La lutte contre le blanchiment des capitaux constitue désormais une priorité absolue pour les autorités de la Côte d’Ivoire. Le procureur Aboya Jean-Claude a rappelé l’engagement total du parquet financier dans cette mission d’assainissement économique. Il a fermement martelé que le pays ne tolérerait aucun refuge pour les flux financiers illicites sur son territoire.
Cette campagne de salubrité publique s’exécute toutefois dans le strict respect de l’état de droit et des garanties procédurales. Les magistrats veillent rigoureusement au respect des droits de la défense pour l’ensemble des personnes poursuivies. L’institution souhaite ainsi préserver les efforts collectifs menés depuis octobre 2024 pour extirper le pays de la surveillance des organisations financières internationales.
Une stratégie d’enquête axée sur les méthodes frauduleuses
Pour le chef du parquet financier, l’argent en lui-même ne possède pas de nature criminelle, mais ce sont les procédés d’acquisition qui le rendent illégal. La mission des enquêteurs consiste donc à analyser, détecter et démanteler les techniques d’ingénierie financière utilisées par les fraudeurs. Le blanchiment vise à masquer la source illicite de fonds pour les réintroduire proprement dans l’économie légale.
Le procureur a également insisté sur l’alignement des méthodes de travail ivoiriennes sur les standards internationaux.
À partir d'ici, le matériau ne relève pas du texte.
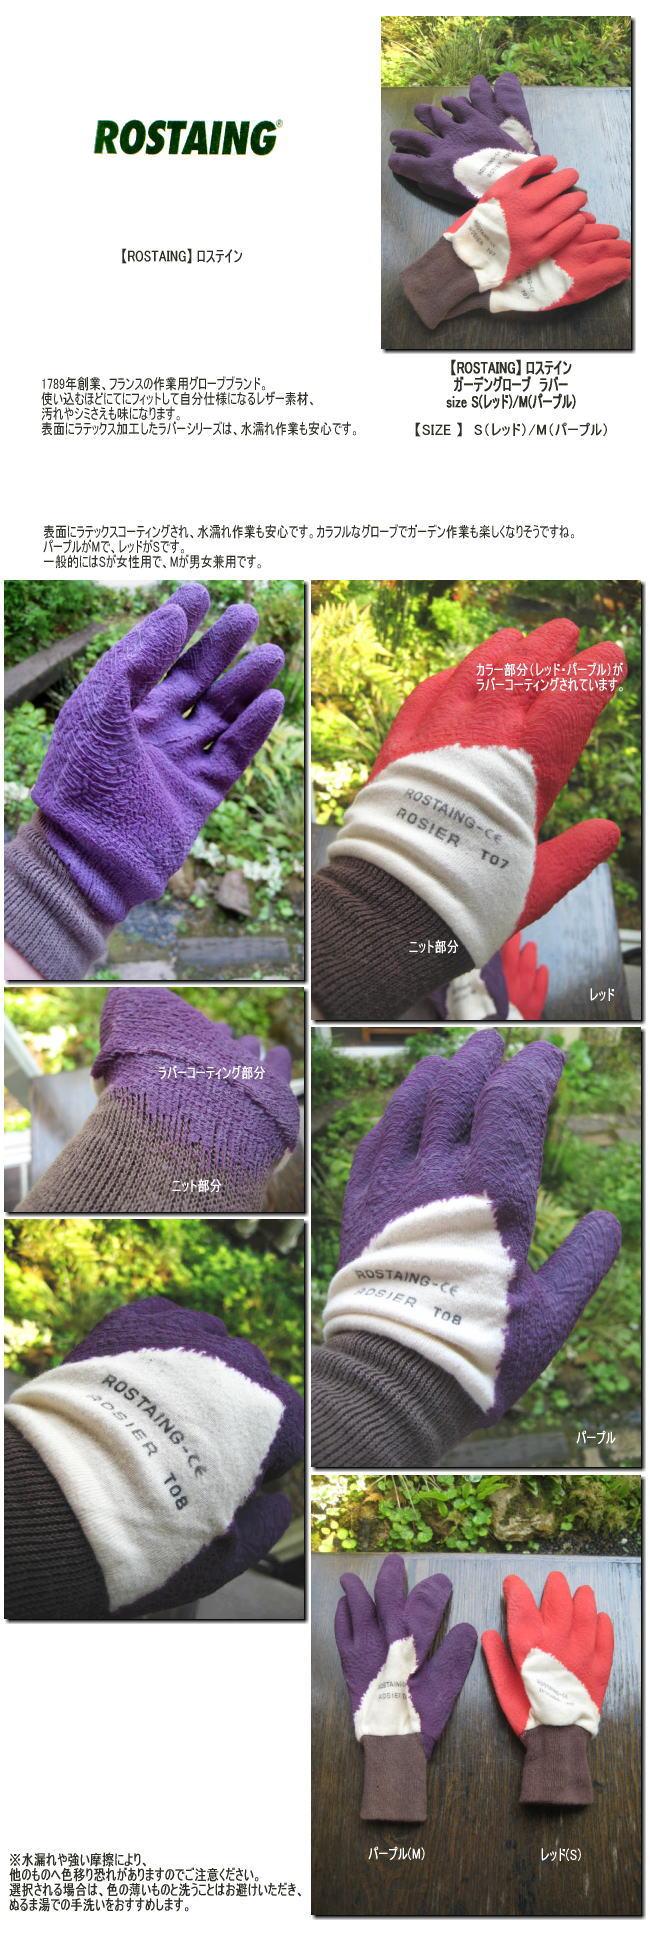 【ROSTAING】 ロステイン ガーデングローブ ラバー size S(レッド)/M(パープル)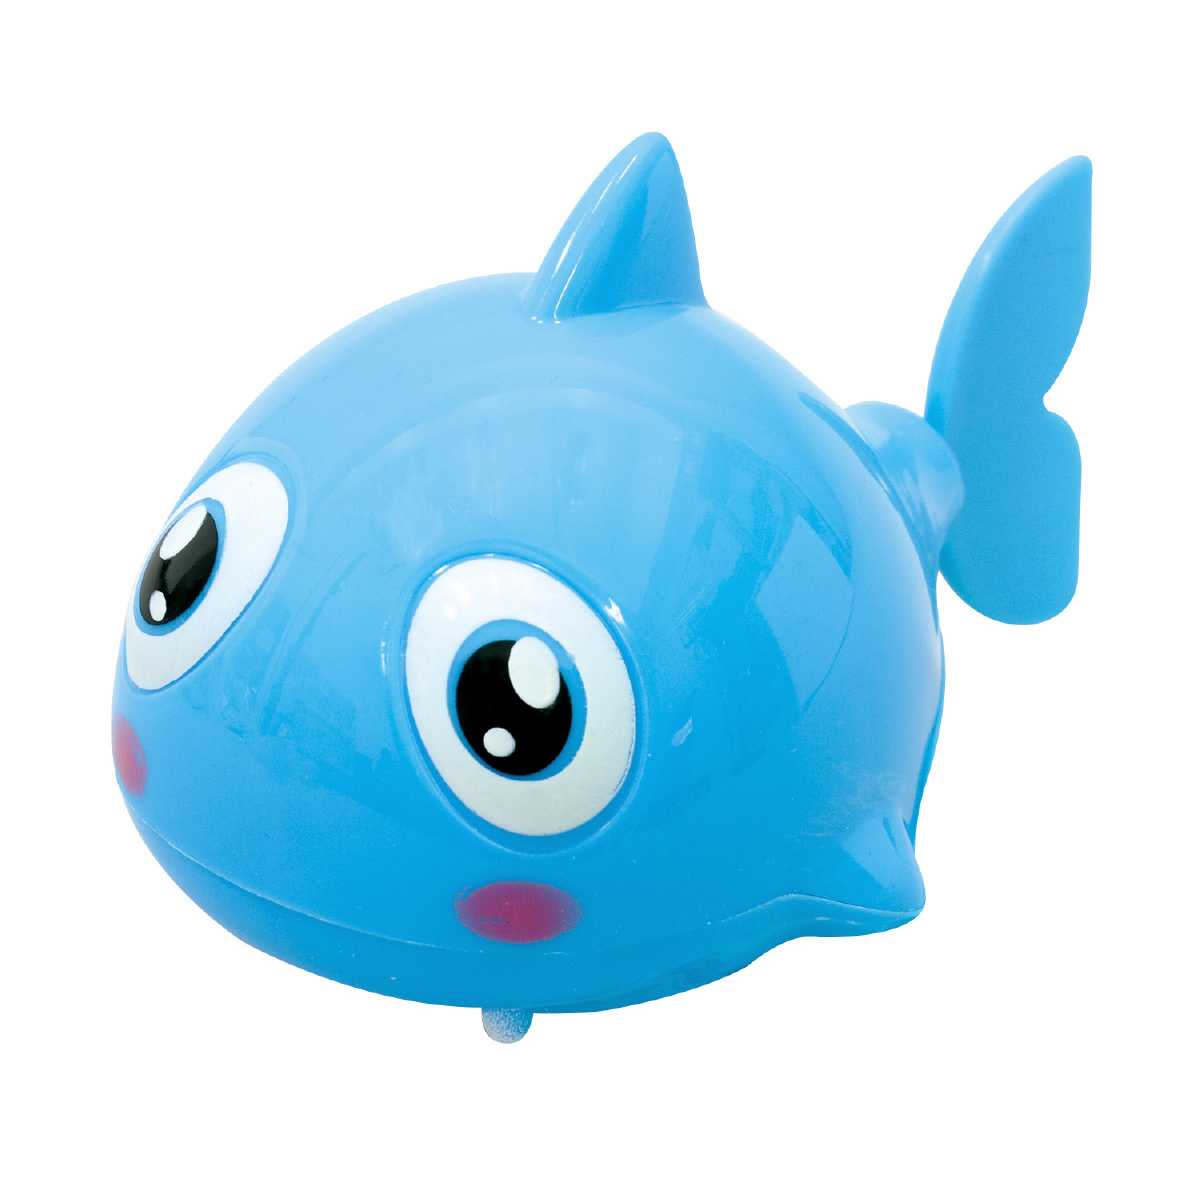 お風呂 おもちゃ おさかなちゃぷちゃぷ 魚 泳ぐ キッズ 子供 水遊び 浮き具 景品 知育玩具 クリスマスプレゼント

La justice applique toute la rigueur des textes en vigueur pour sanctionner sévèrement les auteurs de ces délits économiques majeurs.
Des outils juridiques puissants pour faciliter les poursuites
Le cadre légal ivoirien offre désormais des mécanismes redoutables pour contrer les délinquants en col blanc. Selon l’ordonnance du 23 novembre 2023, le parquet peut engager des poursuites pour blanchiment d’argent de manière autonome. La justice n’a plus besoin d’attendre une condamnation définitive pour l’infraction d’origine.
Il suffit aux enquêteurs de réunir des indices sérieux démontrant la provenance suspecte des biens. De plus, la législation permet désormais d’inverser la charge de la preuve face aux montages financiers complexes. Cette disposition majeure fragilise les structures frauduleuses tout en maintenant les protections fondamentales des justiciables.